Trimble recalls that in The Varieties of Religious Experience, the 19th-century psychologist William James also highlighted the trances, visions, and auditory hallucinations associated with religion, emphasizing the ineffable, altered state of consciousness of most religious mystics. Such mystical states, encountered in most religions, remarks Trimble, are extraordinarily similar to the mental states elicited by psychedelic drugs such as LSD and mescaline. Almost 50 years ago, the psychiatrist Walter Pahnke came to this conclusion on the basis of experiments in which the psychedelic drug psilocybin was administered to students at the Harvard Divinity School. More recently, Roland Griffiths and colleagues have replicated these studies in a more rigorous fashion and found that subjects receiving psilocybin reported long-lasting changes in a religious sense of self.4 Drugs whose mechanism of action is understood can be powerful tools for elucidating the molecular basis of mental states — we know much more about the neurotransmitters that mediate emotions, for instance, from studying the actions of antidepressant drugs than from direct manipulations of the brain — and psychedelic drugs are known to act as agonists of one subtype of serotonin receptors.4 Since serotonin neurons arise from a discrete set of raphe nuclei in the brain, it may be possible to narrow the search for the biologic cause of at least one type of religiosity to these few cells.
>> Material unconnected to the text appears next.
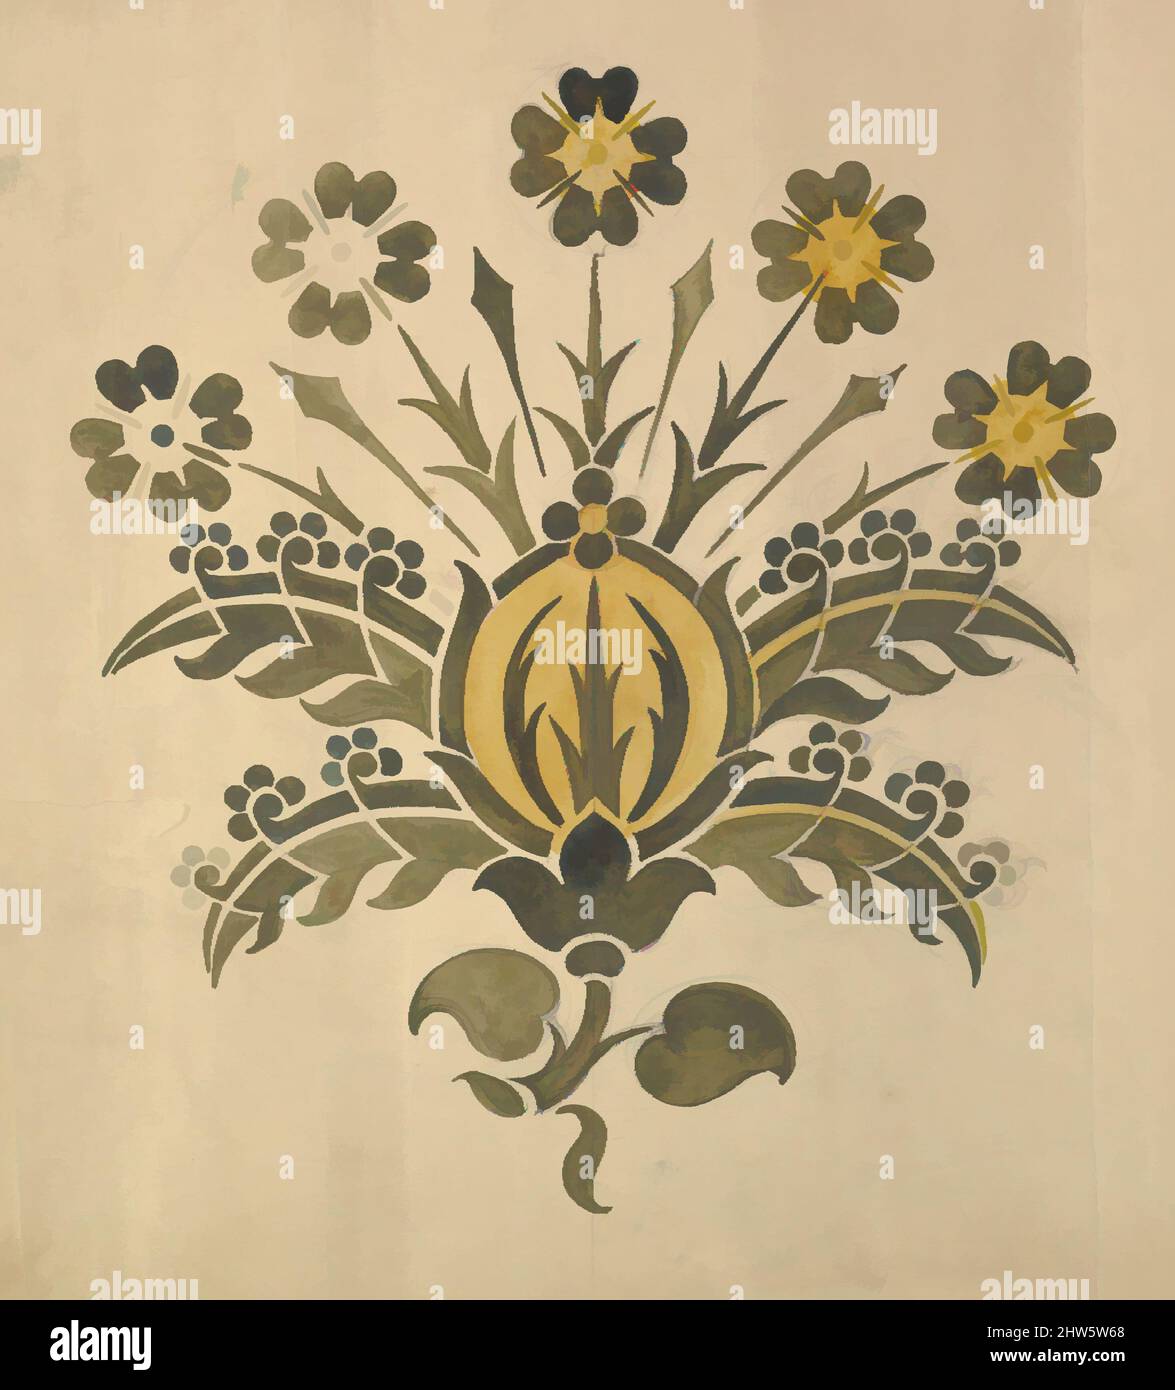 Art inspiré par le vert et le jaune fleur stylisée pour pochoir mural, fin 19th–début 20th siècle, graphite, stylo et encre et aquarelle, feuille: 18 1/4 x 19 1/2 po. (46,4 x 49,5 cm), Ernest Geldart (British, Londres 1848–1929, oeuvres classiques modernisées par Artotop avec une touche de modernité. Formes, couleur et valeur, impact visuel accrocheur sur l'art émotions par la liberté d'œuvres d'art d'une manière contemporaine. Un message intemporel qui cherche une nouvelle direction créative. Artistes qui se tournent vers le support numérique et créent le NFT Artotop Banque D'Images

But given the variability of what we mean by “religion” and “poetry,” attempts to localize such purported functions within the brain are always fraught with hazards. With his focus on epileptic causes of both religious and creative impulses, Trimble enumerates several candidate regions, most of them in the temporal lobe — an area that receives a substantial input from serotonin neurons — which is consistent with what we know of sites of action of psychedelic drugs. In this issue of the Journal, Sanai and colleagues (pages 18–27) report on a study in which they mapped sites involved in diverse modes of language use in patients with gliomas who were undergoing debulking of their tumors. They found a far wider dispersal than might have been expected, with parietal and temporal as well as frontal regions providing important contributions. However, any extrapolation from a mapping of brain areas that mediate language use to likely cerebral contributions to religious or creative dispositions would be highly speculative.
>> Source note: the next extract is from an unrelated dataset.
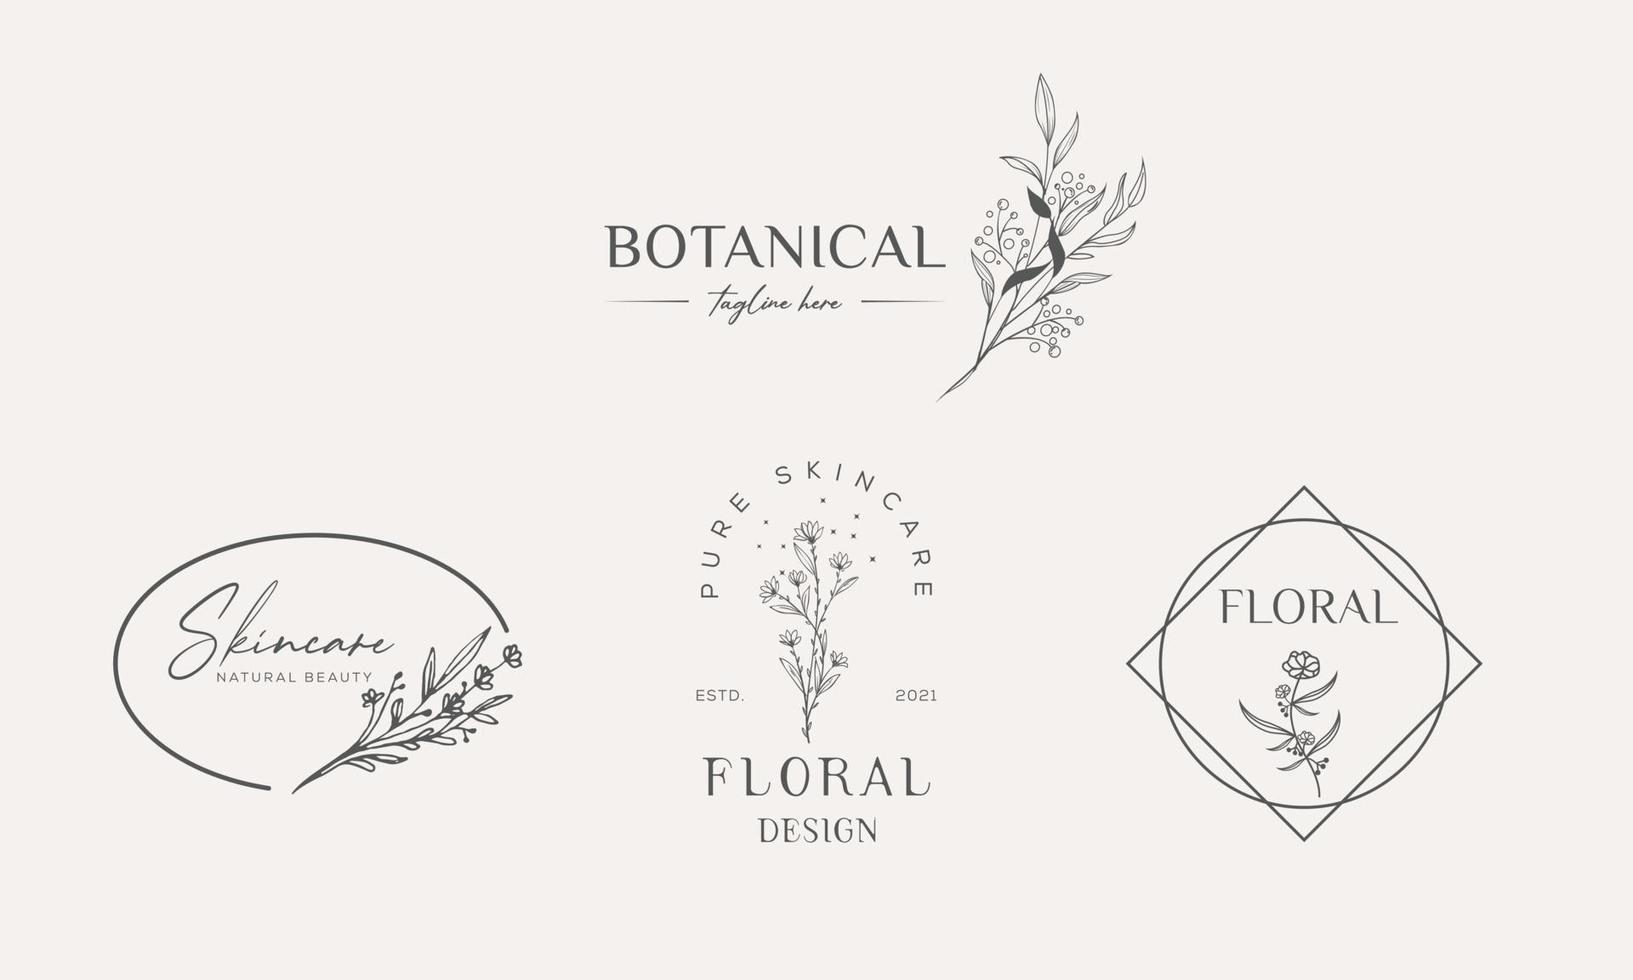 vecteur d'élément floral botanique logo tendance dessiné à la main avec des fleurs et des feuilles sauvages. logo pour spa et salon de beauté, boutique, magasin bio, mariage, designer floral, intérieur, photographie, cosmétique.

So where do all these brain explorations lead us? In seeking a general relationship between religious states, poetry, and music, Trimble ascribes all three to the right, nondominant side of the brain. He assumes that integration of the activity of the right-sided emotional brain with that of the left-sided analytic brain gives rise to the greatest intellectual achievements in the arts. I suspect that major advances in science, too, are the product of more than pure reason — in the finest scientists I have encountered, I have always detected a notable creative, artistic flair.5 Artistic, intuitive approaches are evident even in the most abstract intellectual achievements, such as Einstein’s theories. Needless to say, a simple dichotomy of right and left brains is a gross oversimplification. Nonetheless, as imaging technology and associated cognitive testing become ever more sophisticated, we may be able to discriminate ways in which religious and creative sensibilities relate to one another and to brain areas that mediate emotions that are deranged in psychiatric illness. Whether any of these advances will provide the answer to the cerebral basis of religion, if one exists, is anybody’s guess.